Red Deer County will have an independent review of its development processes after a judge quashed a gravel pit bylaw. (Black Press file photo)
Red Deer County will have an independent review of its development processes after a judge quashed a gravel pit bylaw. (Black Press file photo)

Red Deer County will have an independent review of its development processes after a judge quashed a gravel pit bylaw. (Black Press file photo) Red Deer County will have an independent review of its development processes after a judge quashed a gravel pit bylaw. (Black Press file photo)

Red Deer County seeks independent review of development processes after judge rules against it

Judge said county did not follow its own rules in approving gravel pit application

Red Deer County’s development processes will be reviewed after a judge threw out a contentious gravel pit approval and criticized the municipality’s handling of the application.

Council unanimously approved spending up to $10,000 to find out what went wrong and how to avoid future problems after a judicial review overturned a decision approving a bylaw amendment necessary for a controversial gravel pit application next to the Red Deer River about 10 km northest of Delburne.

Some neighbours opposed the application by Border Paving to add the proposed gravel pit site to county’s gravel overlay district, a necessary step in the approval process.

After the county approved the changes to the gravel overlay district in January 2021, a group of nearly a dozen neighbours took the county to Red Deer Court of Queen’s Bench — where it lost.

In a Jan. 7 decision, Justice Keith Yamauchi ruled against the county, writing it “had breached its duty of fairness in its running of the public hearing, and its failure to comply with its own processes.

“As a result of the foregoing, this court finds that the bylaw is invalid. It quashes the bylaw.”

In a notice of motion debated Tuesday, County Coun. Lonny Kennett proposed retaining independent and external counsel to review the county’s handling of the application so the same mistakes are not repeated.

“There’s been a lot of things said in the community and we need to make sure our processes are right,” said Kennett. “I think we need to have a third party to do it that has no ties and is not connected with it in any way.”

Coun. Dana Depalme said after reading the judge’s decision, “I do find some of the statements that were made in there extremely concerning.

Depalme pointed to the judge’s criticism that council gave final reading to the gravel overlay bylaw change relying on environmental reports that “contained signficant deficiencies.” Not receiving the required proper environmental review before making a decision “might be seen as ‘simply rubber stamping’ the bylaw, without proper and thorough consideration of the environmental impact of the bylaw,” wrote Yamauchi.

“In my opinion, I took that to heart and found it somewhat horrifying,” said Depalme.

Coun.

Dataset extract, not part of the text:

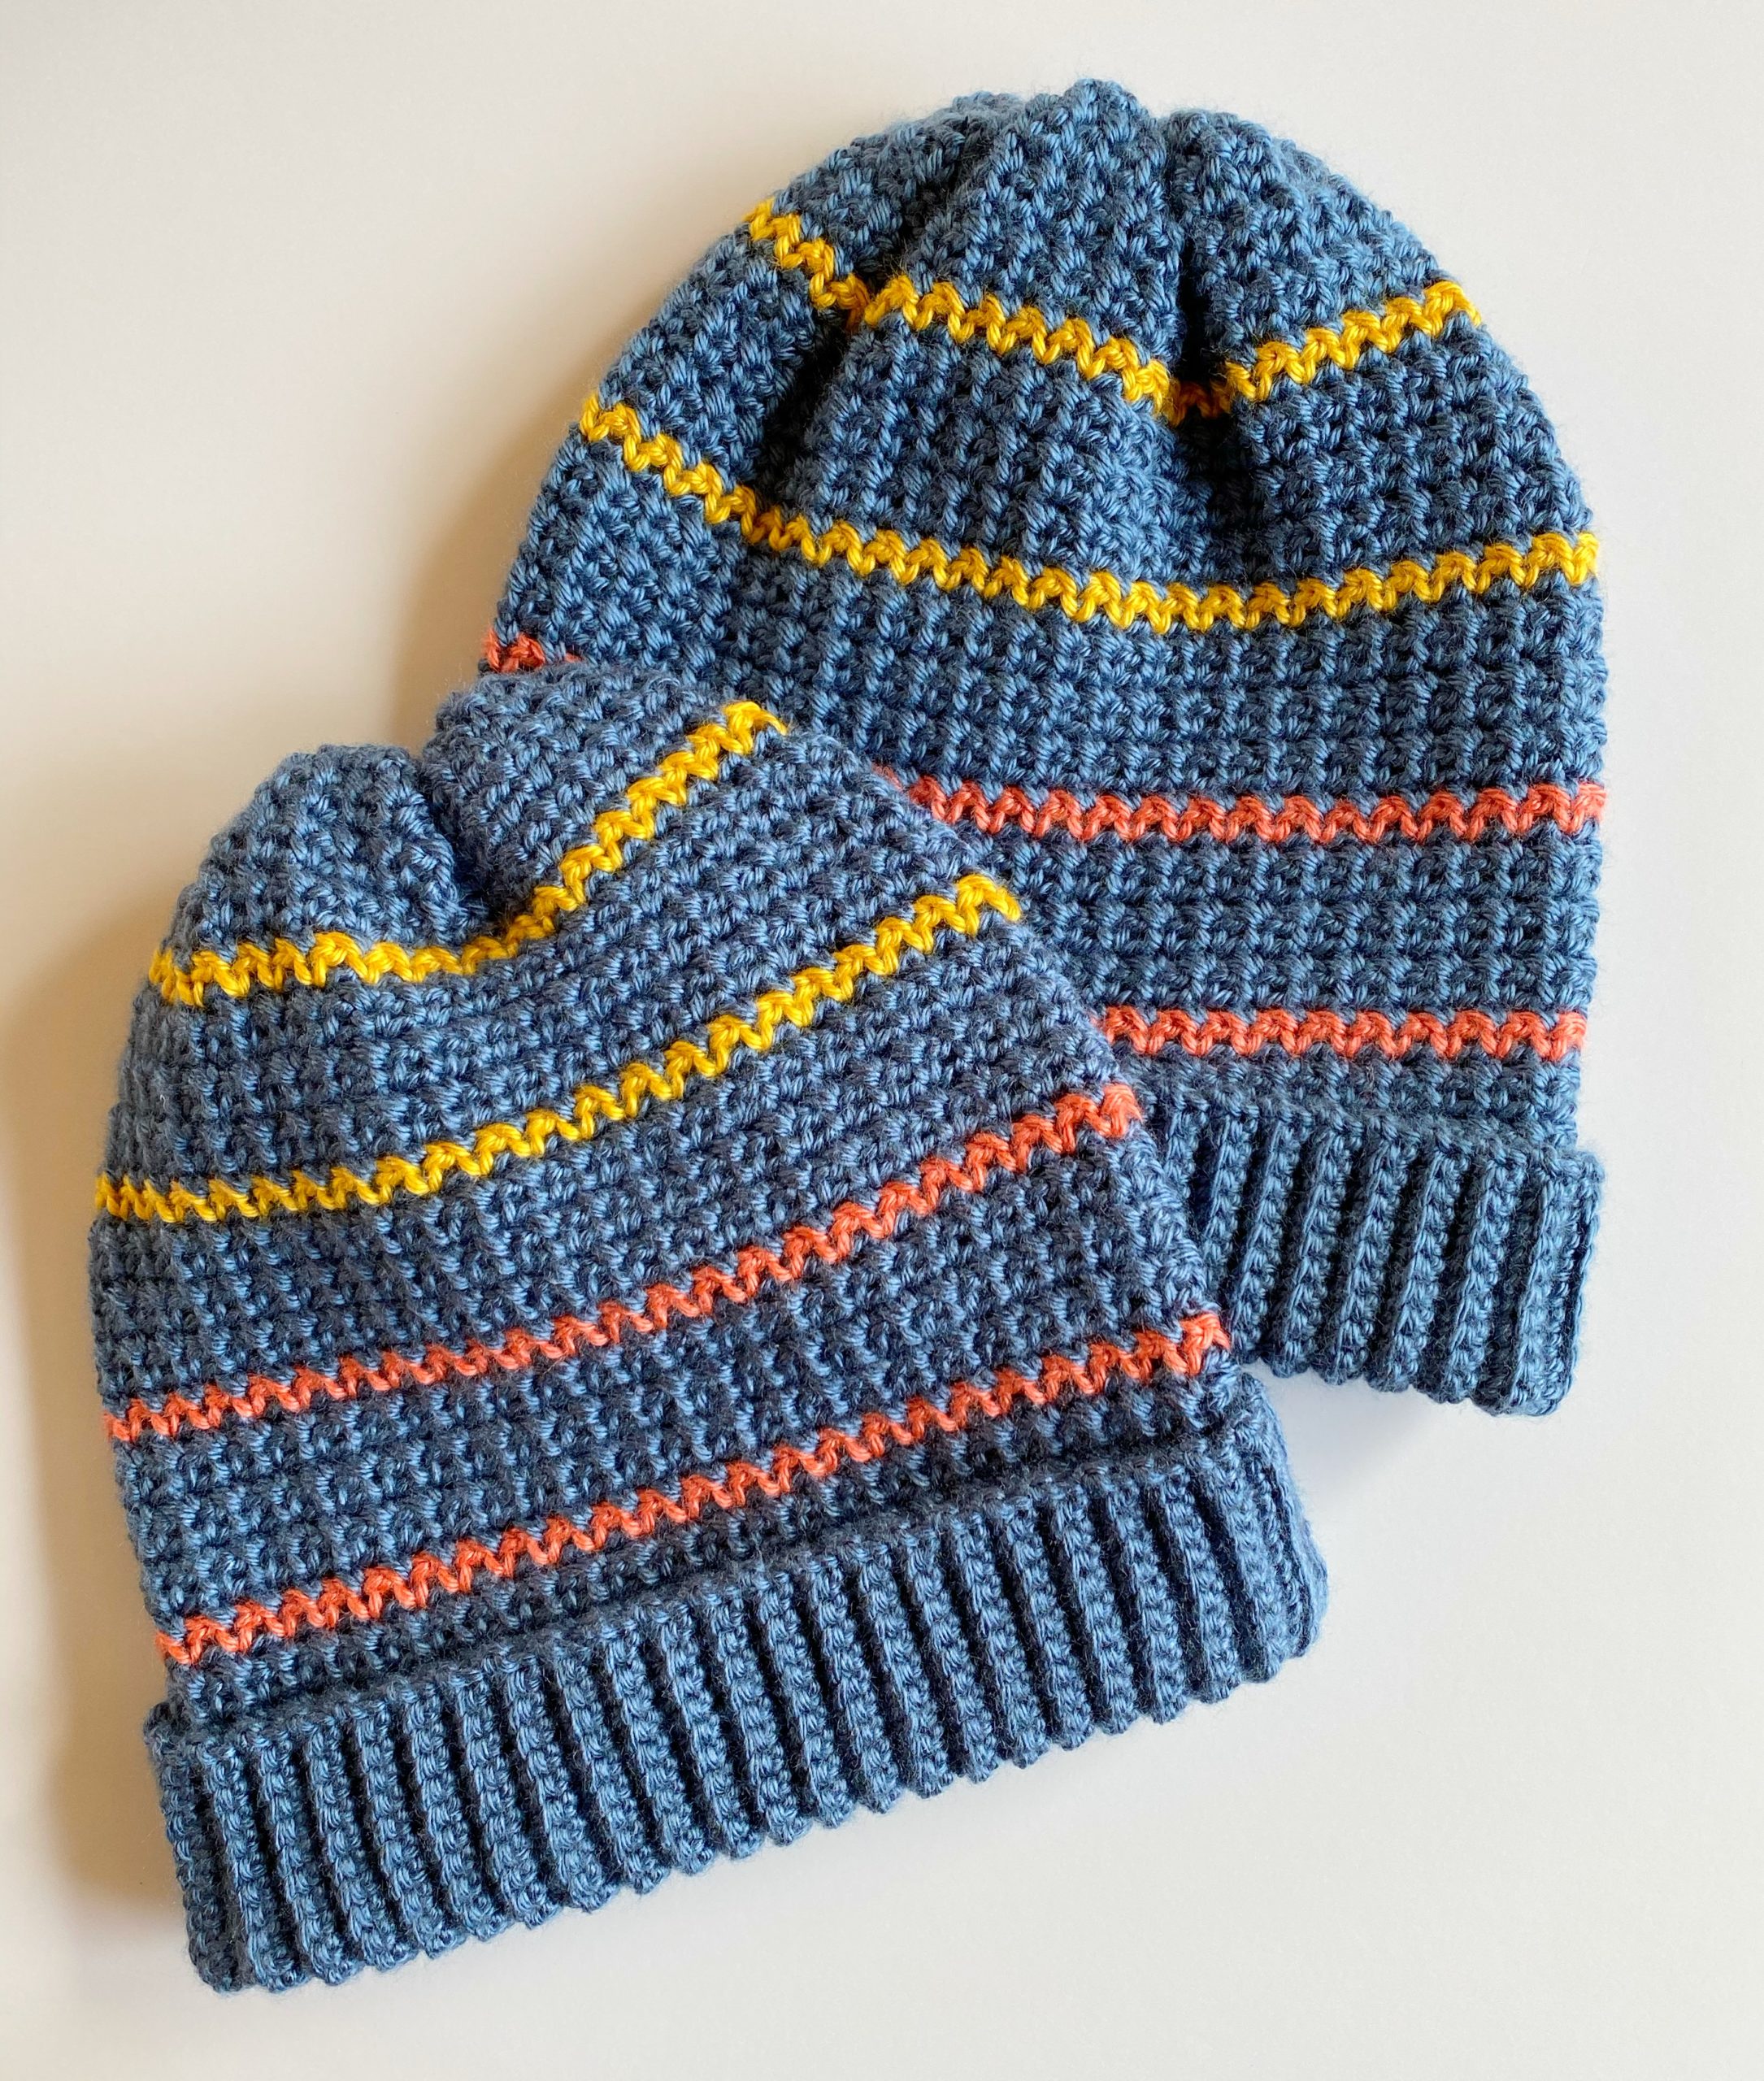 Crochet Stitches For Hats

Christine Moore noted the judge said the county did not follow its own processes. “I take that very seriously because process is our rock along with our policy.”

She also singled out the “rubber stamping” comment in the decision as troubling. “This needs to be explored as council does not want a reputation such as this.”

Mayor Jim Wood said he too supported a review of what happened but took issue with the rubber stamping reference.

“What I will say is I have never rubber stamped a darn thing in my life. I took exception to that.”

Some on council questioned whether the review was necessary given that county council and administration had already reviewed the judge’s decision in detail with the county’s lawyer.

Coun. Brent Ramsay said changes are already being made as a result of that review and that council already has the information it needs to improve the process.

A similar concern was voiced by Coun. Connie Huelsman, who said that while the judge’s decision weighed heavily on her mind a further review could be redundant.

Despite some councillors’ hesitency, all voted in favour of another review after Coun. Philip Massier proposed that the cost be capped at $10,000.

Massier said the financial limit will ensure that the review would come back before council if its scope expanded.

Among the issues raised by the judge, was the difficulty in holding a public hearing using Zoom. Residents complained that the county did not make provisions for their submissions to be heard properly knowing that poor rural Internet service limited the usefulness of Zoom. Participation by phones was offered, but none of the maps and other visual references could be seen.

Yamauchi said the county “breached its duty of procedural fairness in not giving persons who claimed to be affected by the proposed bylaw a full and fair opportunity to be heard.”

Wood said while he is not sure what further review will have to add council needs to be united and show the public that what happened in this case is extremely important to them.